Section 2. Duties and Powers of the Directors
- A meeting of the Directors may be called by the President, a Vice-President, or any Director, by written notice given at least 10 days before the date of such meeting, to each Director, by mail, e-mail or personal phone call, at his address as it appears on the records of the Association. Notice of the time, place and purpose of any such meeting may be waived in writing, either before or after the holding of such meeting, by any Director. Such waiver shall be filed with or entered upon the records of such meeting. The attendance of any Director at any meeting of the Directors without protesting, prior to the commencement of the meeting, the lack of proper notice shall be deemed to be a waiver of such notice of such meeting.
- (6) Directors shall constitute a quorum for a meeting of Directors. A majority of Directors in office shall constitute a quorum for filling a vacancy in the authorized number of Directors or in the officers of the Association.

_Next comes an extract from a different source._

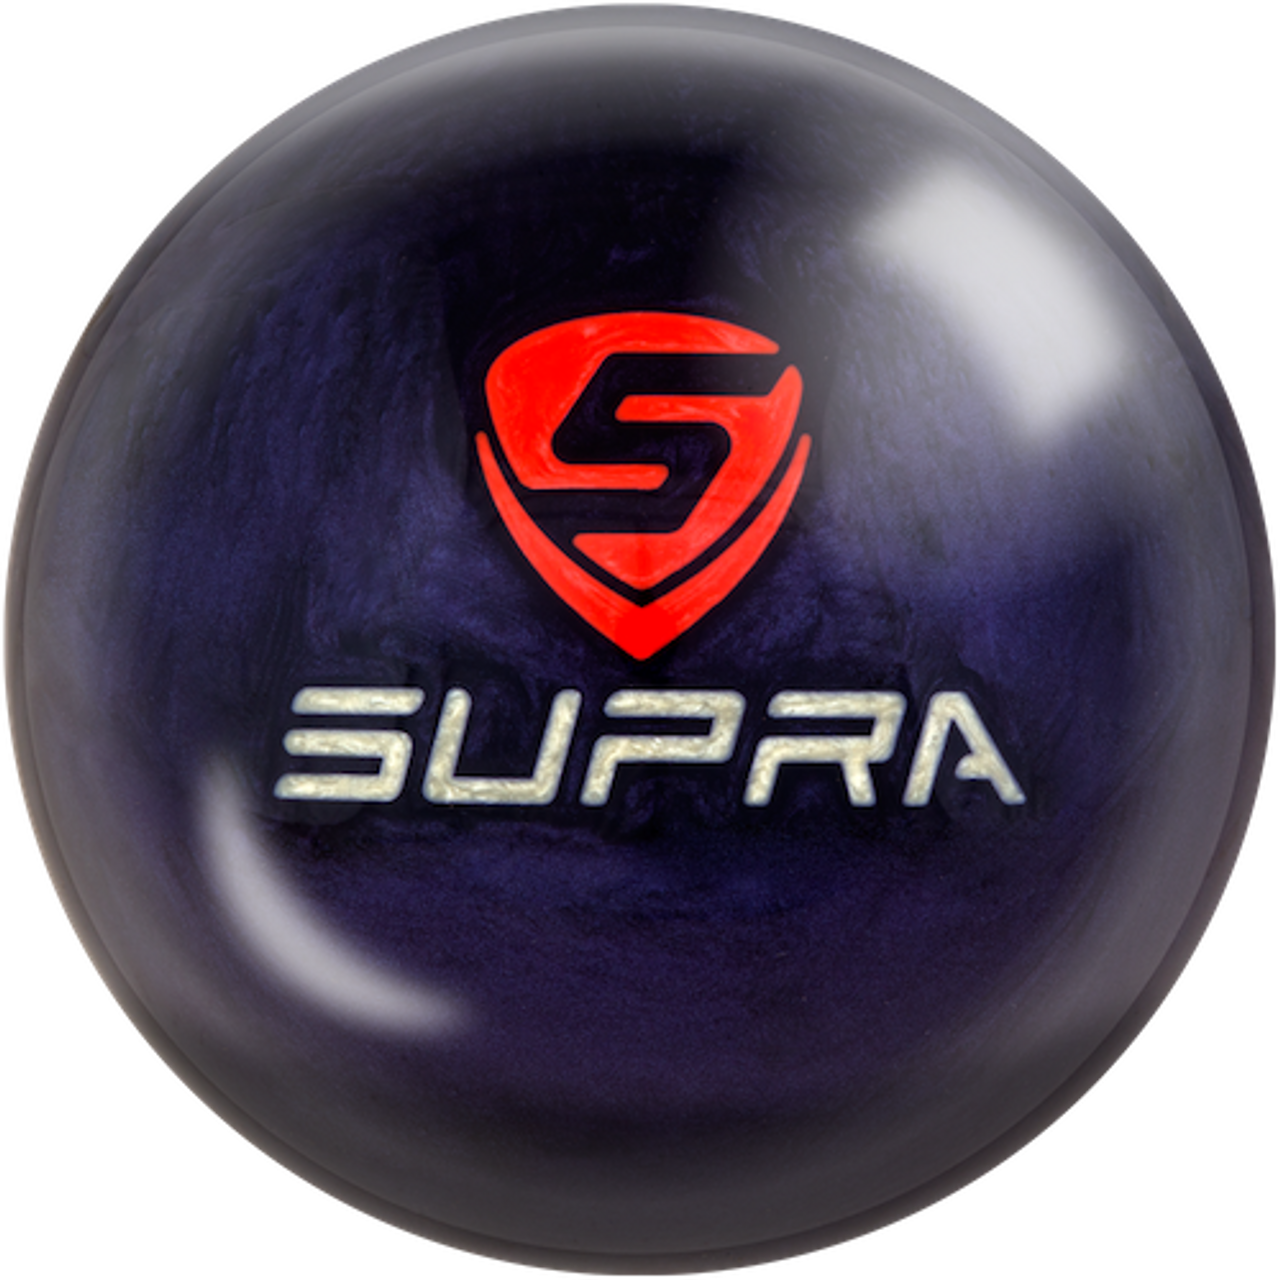 Motiv Supra Bowling Ball

- The Directors shall hold any money or property from time to time received by them. Such money or property shall, together with the income, and the gains and profits arising therefrom, be turned over to the Association. The Directors shall be responsible only for such money or property as shall actually be received by them as Directors here under. It shall not be the duty of the Directors to collect any sum, but they shall receive and hold as Director hereunder such money and property paid over to them from time to time by contributors to the Association.
- The Directors may consult with legal counsel with respect to the meaning or construction of the Bylaws regulations the articles of incorporation of this association, action, proceeding, or question of law. The Directors shall be fully protected with respect to any action taken or omitted by them in good faith pursuant to the advice of such counsel.
- The Directors shall use ordinary care and reasonable diligence in the exercise of their powers and the performance of their duties as Directors hereunder. The Directors shall not be held accountable for any mistake of judgment or other action taken in good faith, or for any loss, unless resulting from their own negligence or misconduct. The Directors shall not be held accountable for any loss sustained by the LELA Association by reason of purchase, retention, sale or exchange of any investment by the trustees in good faith and in accordance with the bylaws of this Association.
- The Directors shall deduct from and charge against the LELA Association any taxes which may be imposed upon the Association or the income or gains and profits therefrom, which this corporation is required to pay.
- The Directors shall keep full accounts of all their receipts and disbursements. The books and records of this corporation shall be open to inspection by the Directors at all times.
ARTICLE VII COMMITTEES
The standing committees shall be Budget, Legislative and Vision. Ad Hoc committees will be created as needed.
ARTICLE VIII FISCAL YEAR
The fiscal year of this corporation shall end on the 31st day of December in each year, or such other day as may be fixed from time to time by the Board of Trustees.
ARTICLE IX PARLIAMENTARY AUTHORITY
The rules contained in the current edition of Robert’s Rules of Order Newly Revised shall govern the Association in all cases to which they are applicable and in which they are not inconsistent with these bylaws and any special rules of order the Association may adopt.
ARTICLE X DISSOLUTION
Upon the dissolution or winding up of affairs of this Association, the Board of Directors, after providing the payment of all obligations, shall distribute any remaining assets to any other non-profit tax exempt organization.
ARTICLE XI AMENDMENT OF BYLAWS
These bylaws may be amended at any regular meeting of the Board of Directors of LELA by a two-thirds vote, provided that the amendment has been submitted in writing at the previous regular meeting or has been sent to each member at least 10 days prior to the meeting at which it will be considered.